Interest accrues on outstanding borrowings under the Credit Facility at a rate
per annum equal to either: (i) the Eurodollar Rate (as defined in the Credit
Facility) plus a margin determined on a sliding scale from 1.000% to 1.625%
based on the Debt Rating (as defined in the Credit Facility) of the Company
(currently 1.25%) or (ii) the Base Rate (as defined in the Credit Facility) plus
a margin determined on a sliding scale from 0.000% to 0.625% based on the Debt
Rating of the Company (currently 0.25%). Under the Credit Facility, the
Borrowers pay a fee on undrawn commitments on a sliding scale from 0.100% to
0.300% based on the Debt Rating of the Company (currently 0.15%). These fees
adjust automatically in the event of a change in the Company's Debt Rating.

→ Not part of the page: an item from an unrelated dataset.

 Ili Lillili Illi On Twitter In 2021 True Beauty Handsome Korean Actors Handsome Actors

The Credit Facility contains a number of customary representations and
warranties and affirmative and negative covenants, including covenants
restricting, subject to certain exceptions, the following:
• the ability of material subsidiaries of the Borrower to incur additional
indebtedness and make guarantees;
• the ability to create liens on the Borrowers' assets and on the equity
interests of material subsidiaries;
• the ability of any Borrower or any material subsidiary to make fundamental
changes;
• the ability of any Borrower or any subsidiary to engage in certain
transactions with affiliates; and
• the ability to make changes in the nature of the Borrowers' business.
The Credit Facility also includes financial covenants consisting of: (i)

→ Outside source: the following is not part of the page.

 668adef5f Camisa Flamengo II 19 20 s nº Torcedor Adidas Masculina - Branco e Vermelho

maintenance of a minimum Consolidated Net Worth (as defined in the Credit
Facility) equal to $7,263,718,000 and (ii) a Consolidated Debt to Capitalization
Ratio (as defined in the Credit Facility) not to exceed 35%. Further, the Credit
Facility contains customary events of default, subject to certain materiality
thresholds and grace periods for certain of those events of default. The events
of default include payment defaults, covenant defaults, material inaccuracies in
representations and warranties, certain cross-defaults, bankruptcy and
liquidation proceedings and other customary defaults. Upon an event of default,
the Credit Facility provides that, among other things, the commitments may be
terminated and the loans then outstanding may be declared due and payable.
The foregoing description of the Credit Facility and the Guaranty are not
complete and are qualified in their entirety by reference to the complete text
of the Credit Facility and the Guaranty, which are filed as Exhibit 10.1 and
Exhibit 10.2 hereto, respectively, and are each incorporated herein by
reference.
Item 1.02 Termination of a Material Definitive Agreement
Effective as of December 3, 2019, the Credit Facility replaced the Credit
Agreement dated as of January 22, 2016 among the Company, Athene Life Re, AUSA,
Athene Annuity Re and the banks party thereto and Citibank, N.A., as
administrative agent (the "Terminated Credit Facility"), and the commitments
under the Terminated Credit Facility have been terminated.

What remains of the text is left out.